■ **What is expected**: Restate the listing that follows word for word, without its pictures.

-- Stored data follows --

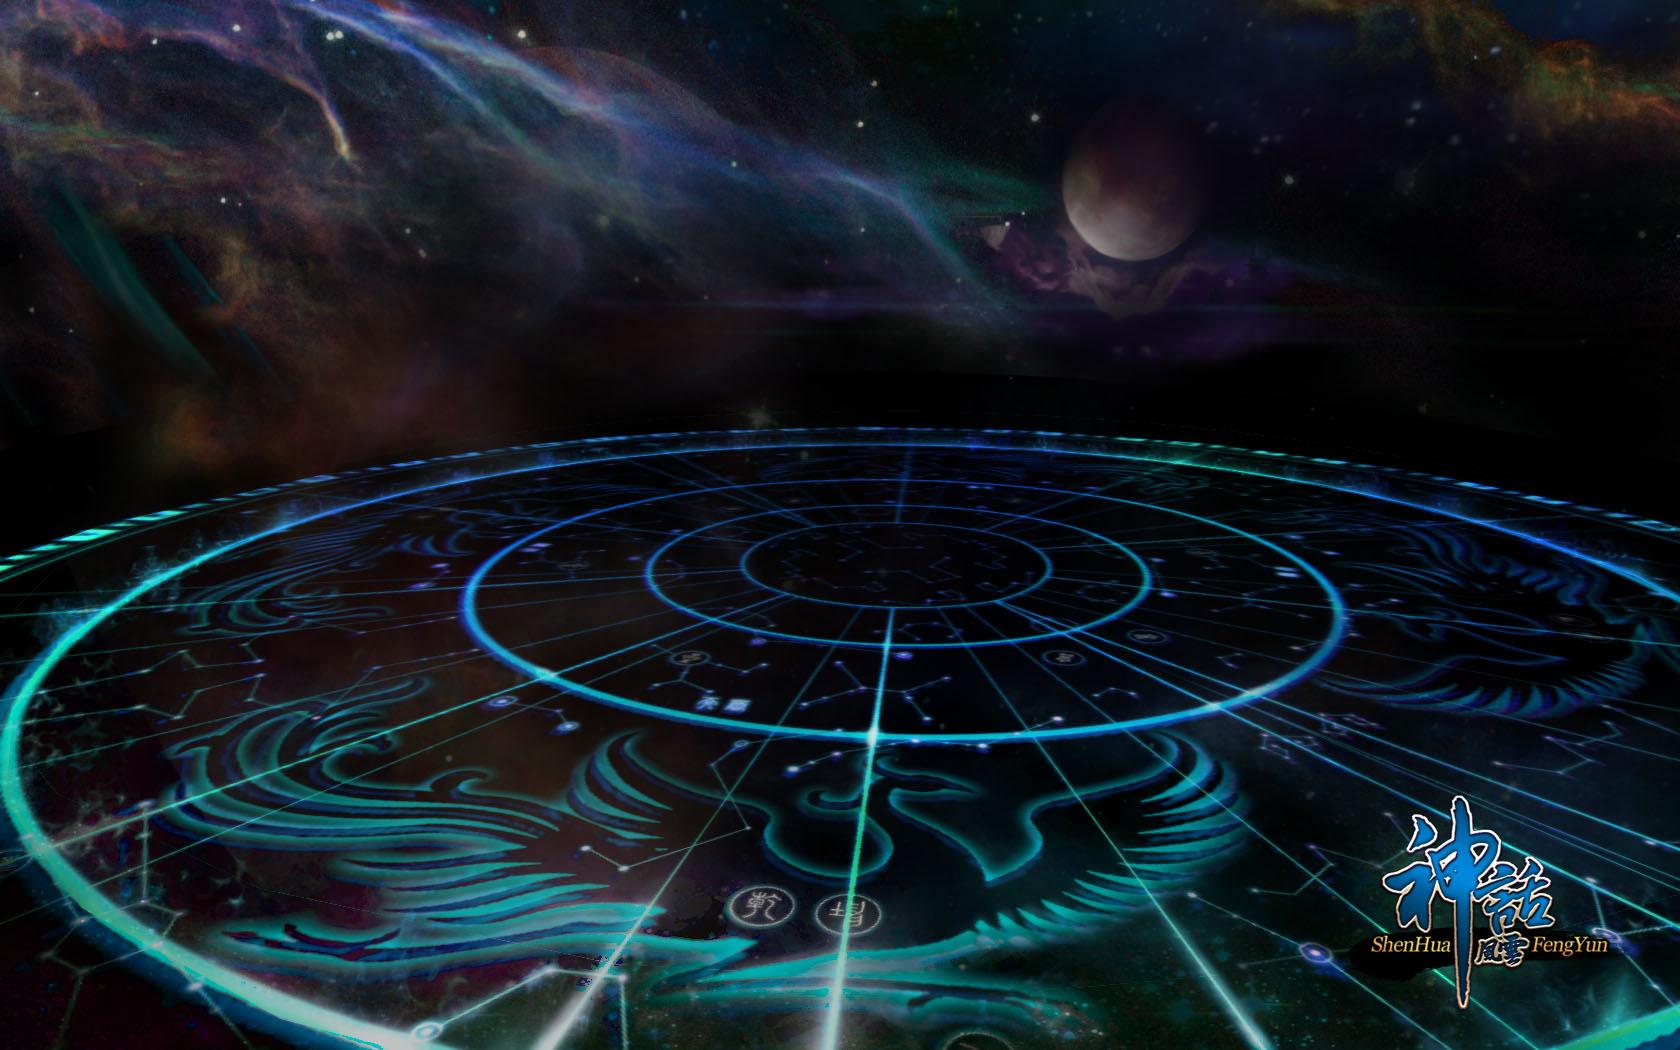 《神话风云》游戏截图(7)
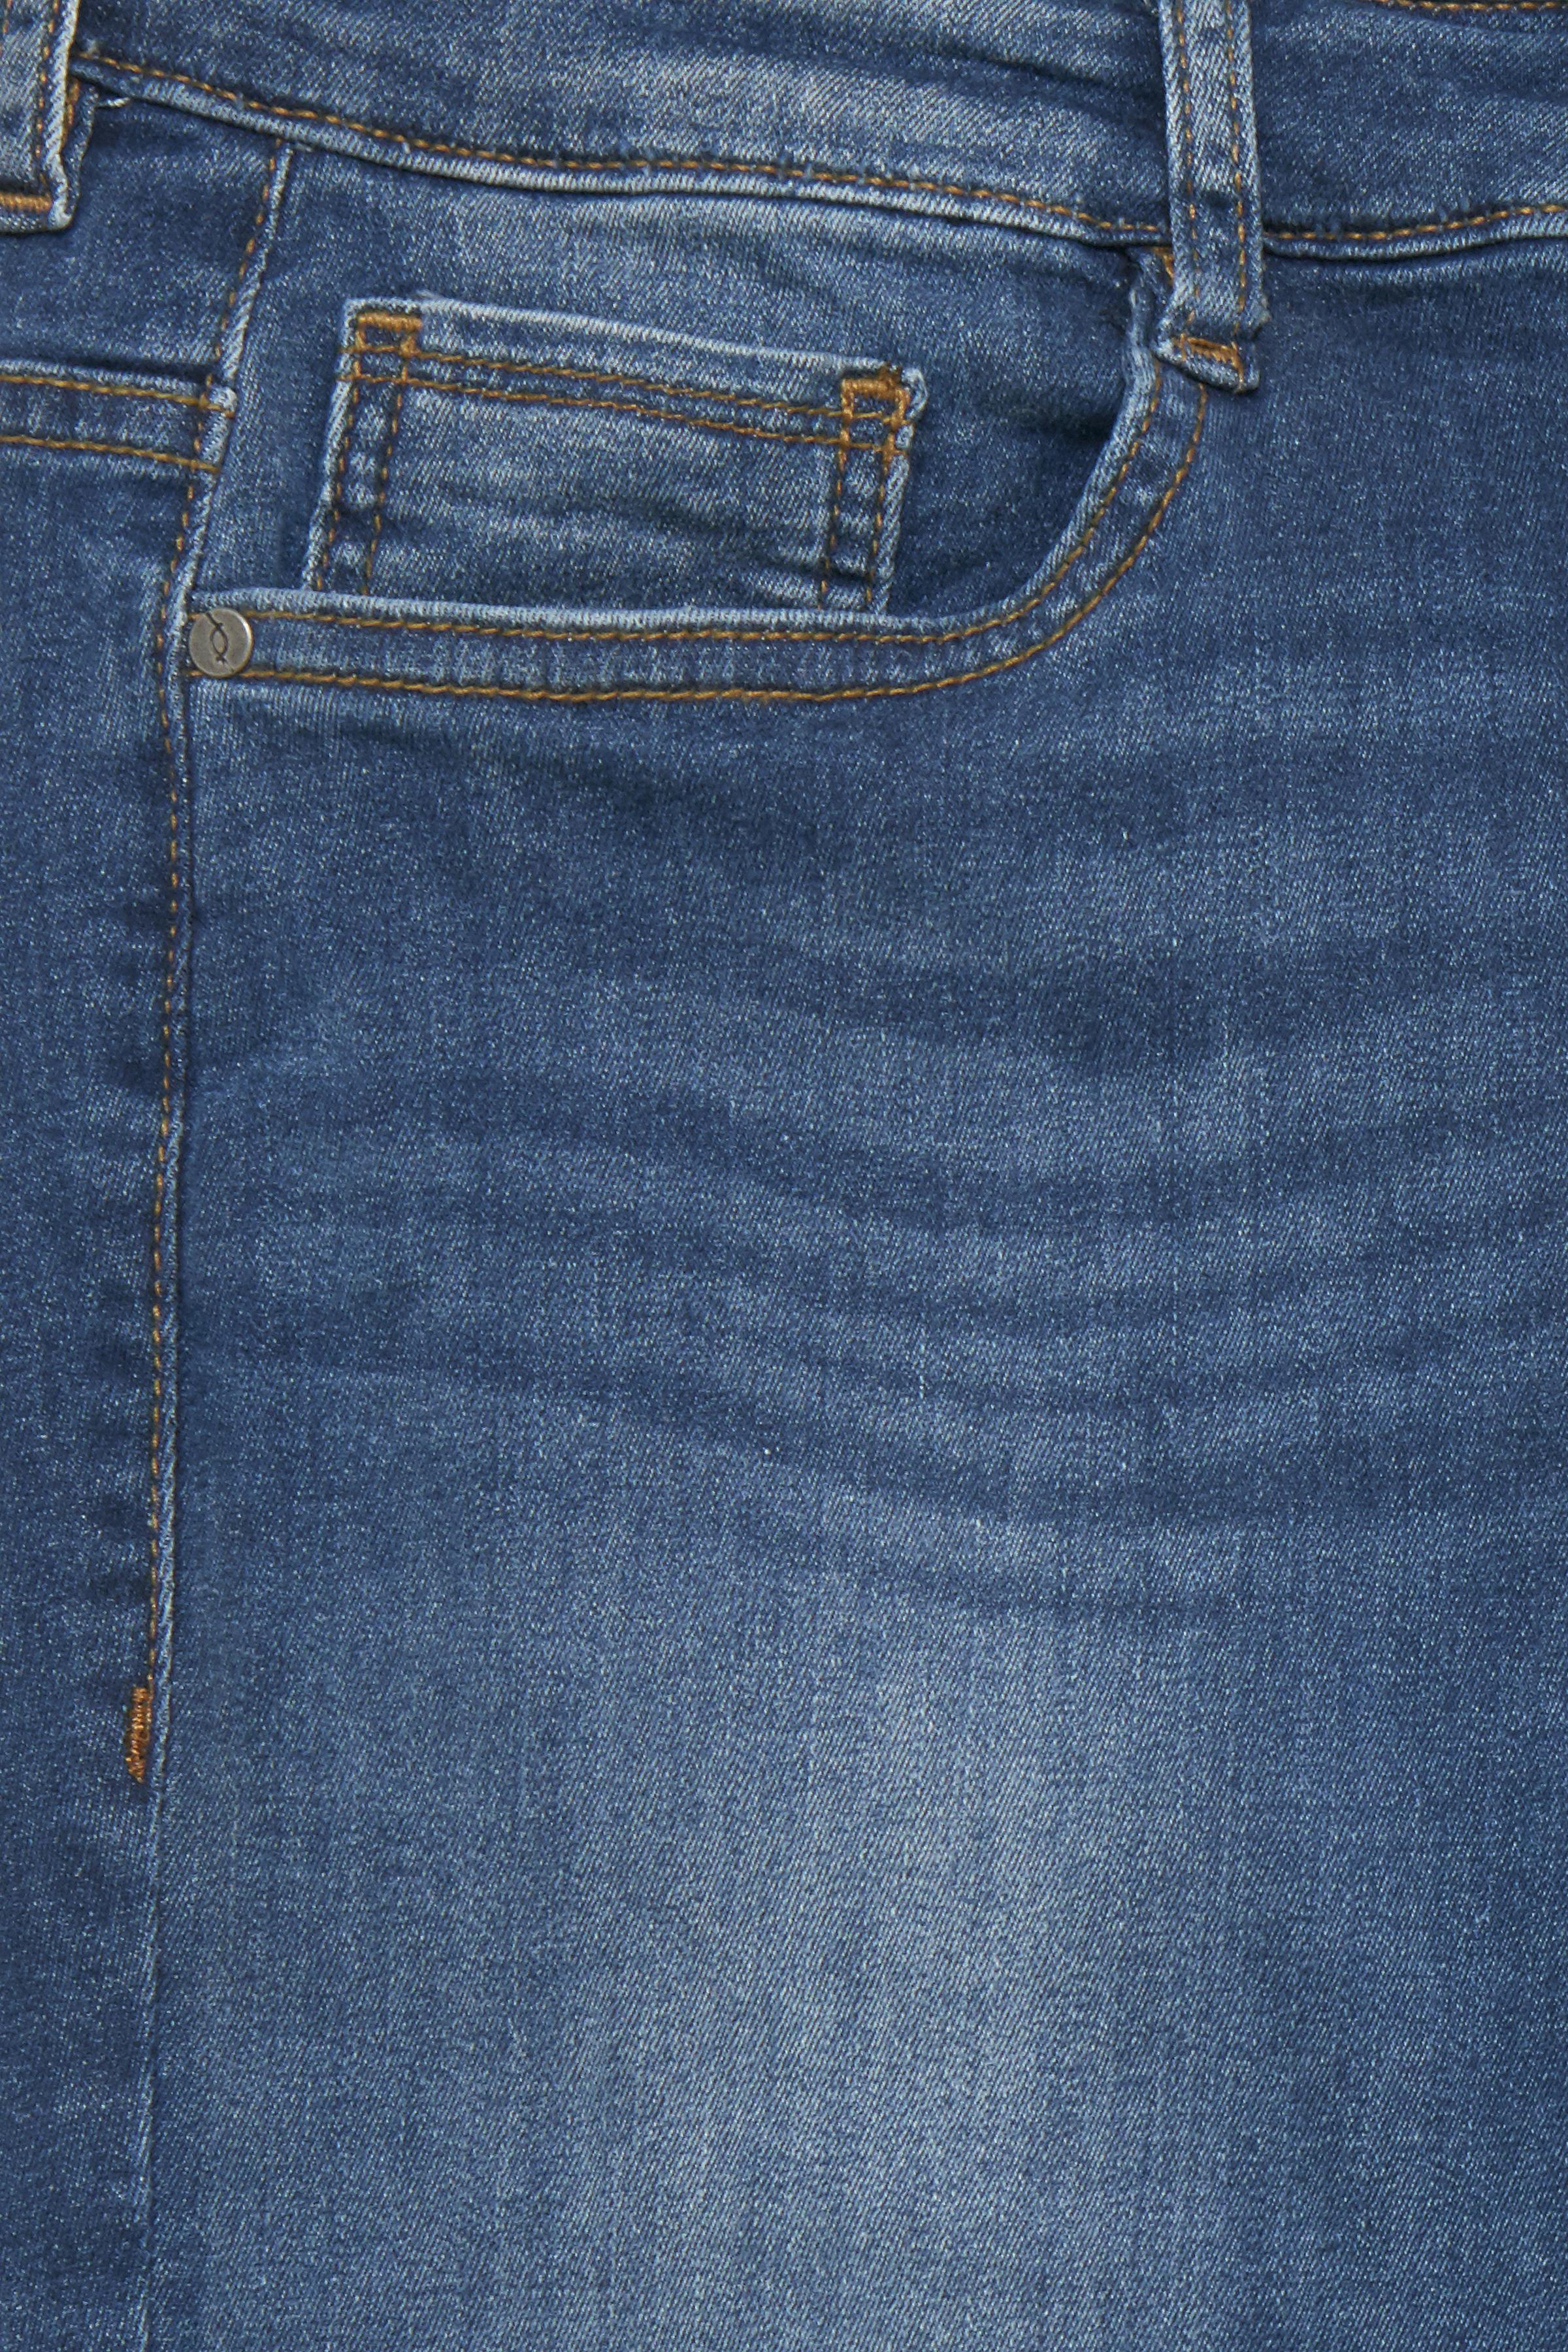 Denimblå Denimbyxa från Fransa – Köp Denimblå Denimbyxa från stl. 34-46 här
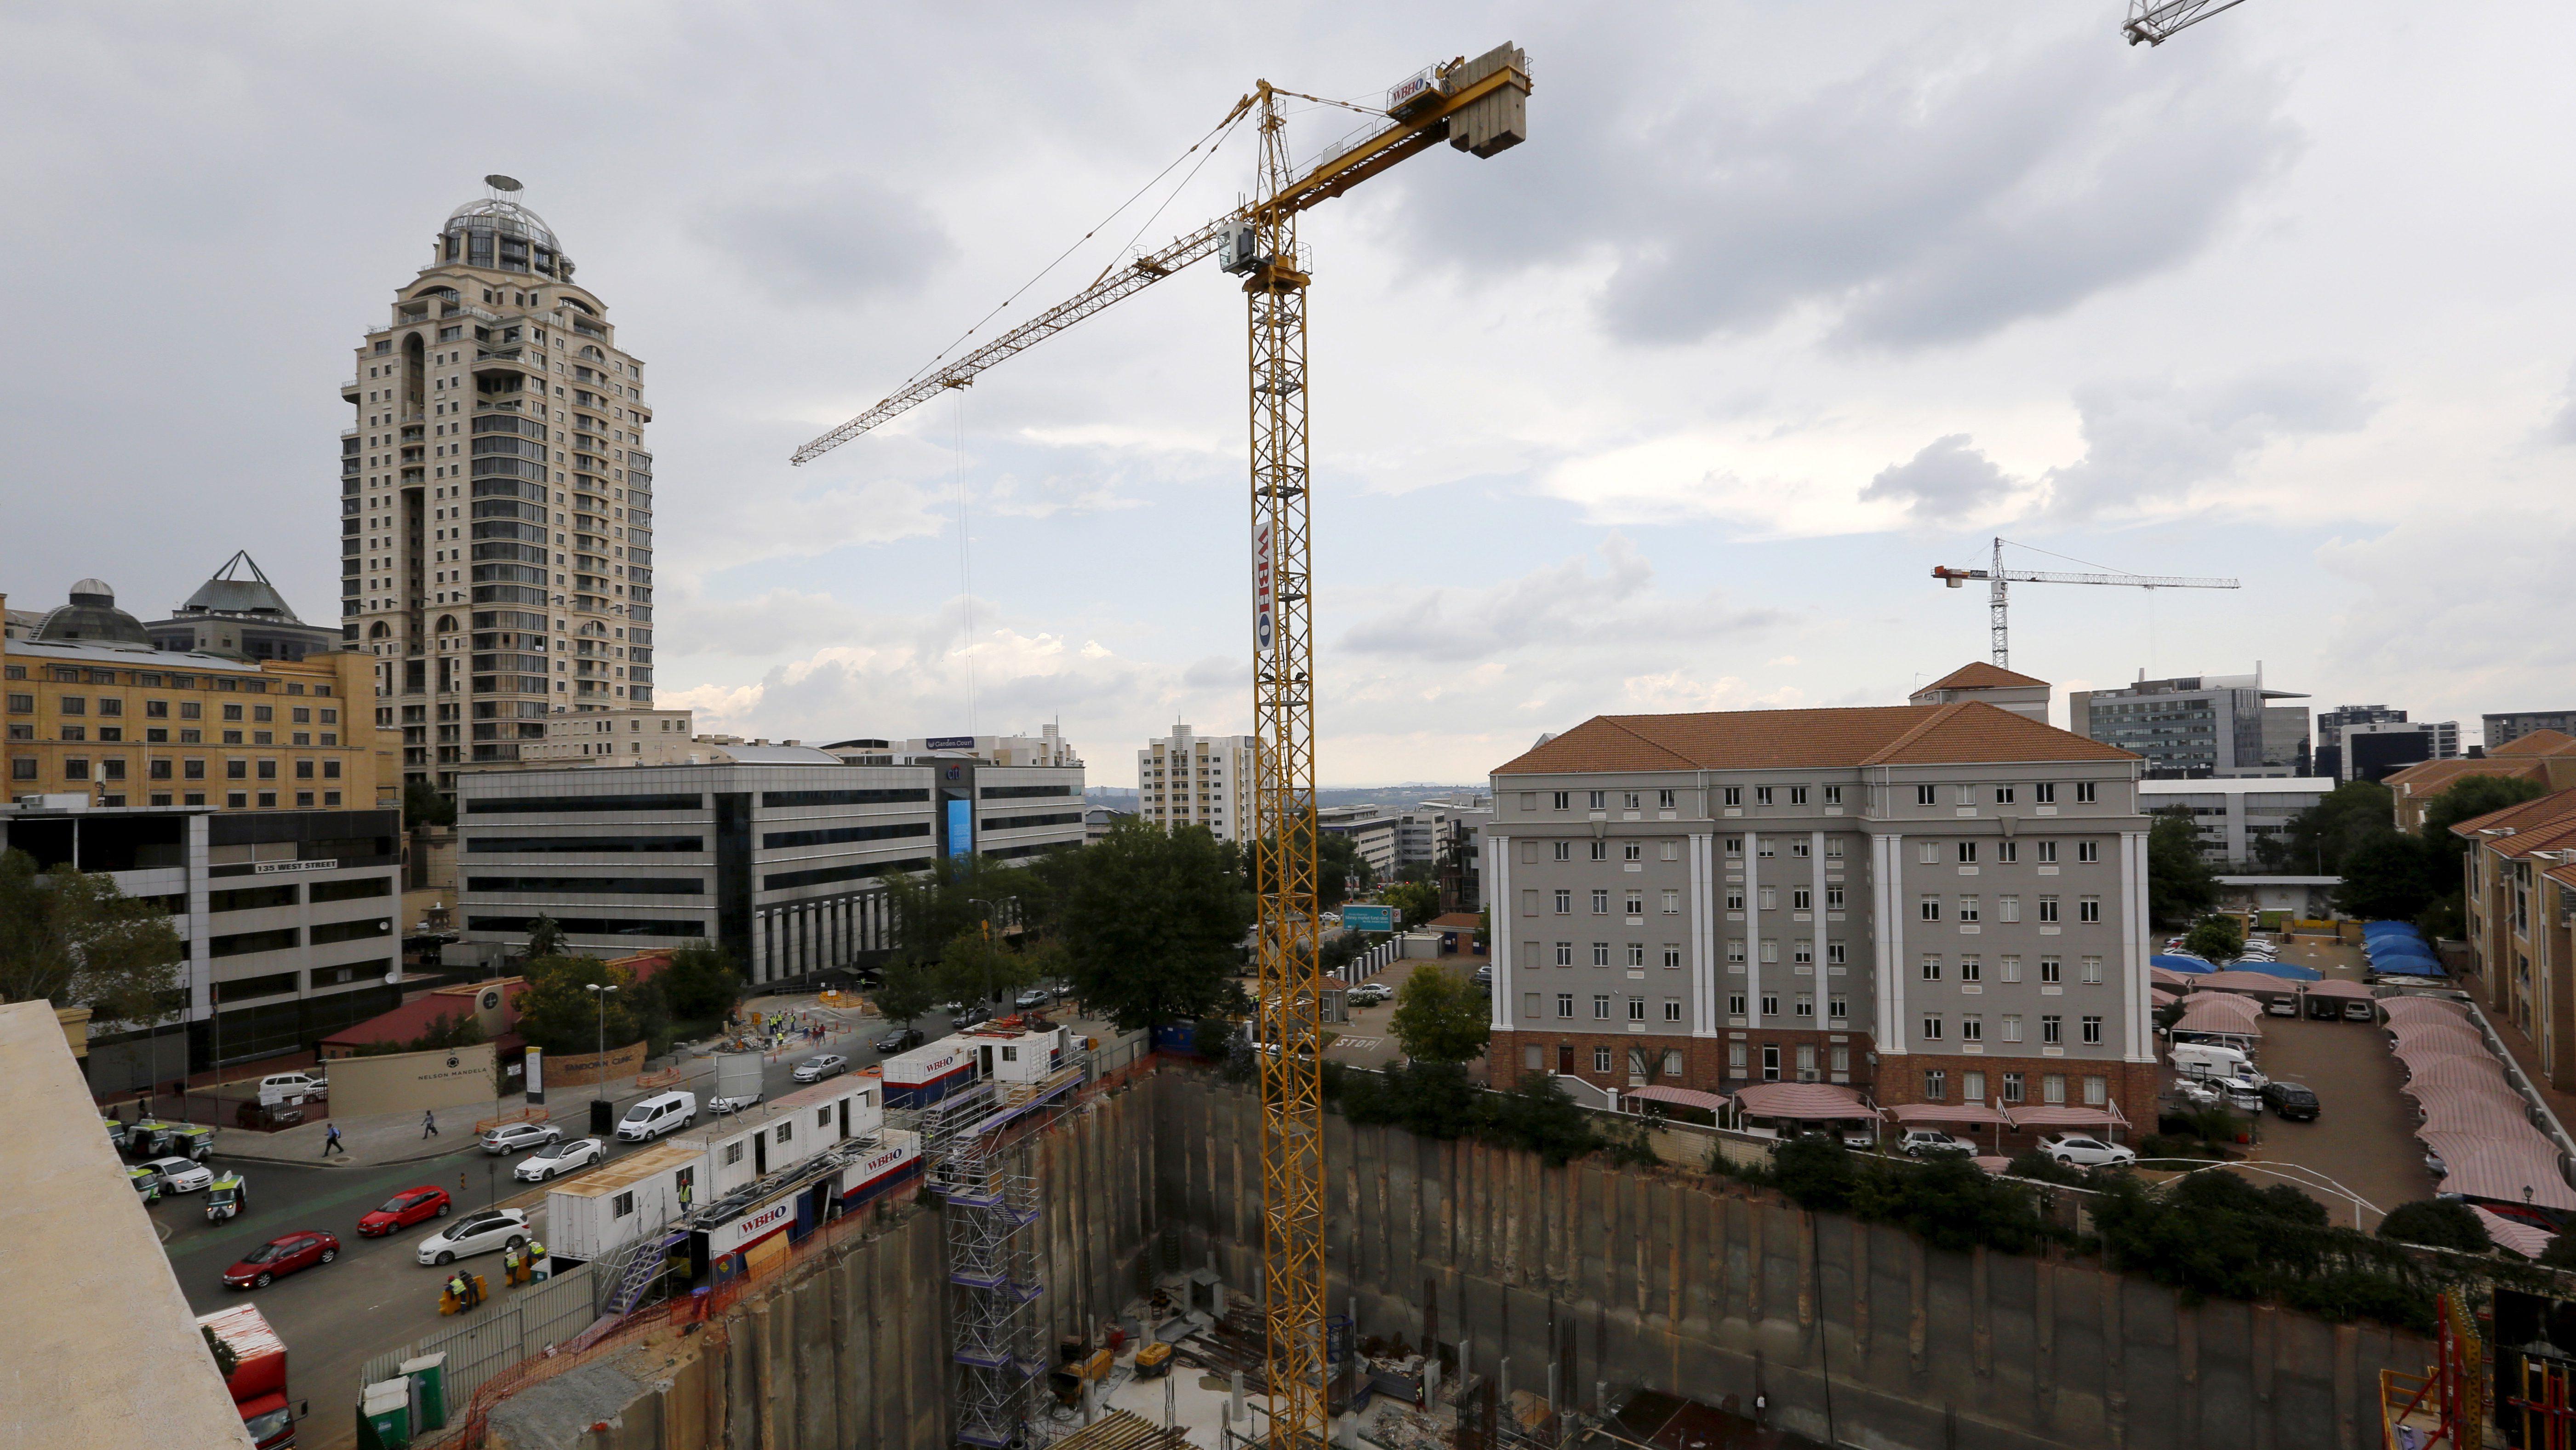 Construction is seen below the skyline of Johannesburg's upmarket Sandton suburb

-- Stored data concluded --

■ **Solved exercise**:
 《神话风云》游戏截图(7)
 Denimblå Denimbyxa från Fransa – Köp Denimblå Denimbyxa från stl. 34-46 här
 Construction is seen below the skyline of Johannesburg's upmarket Sandton suburb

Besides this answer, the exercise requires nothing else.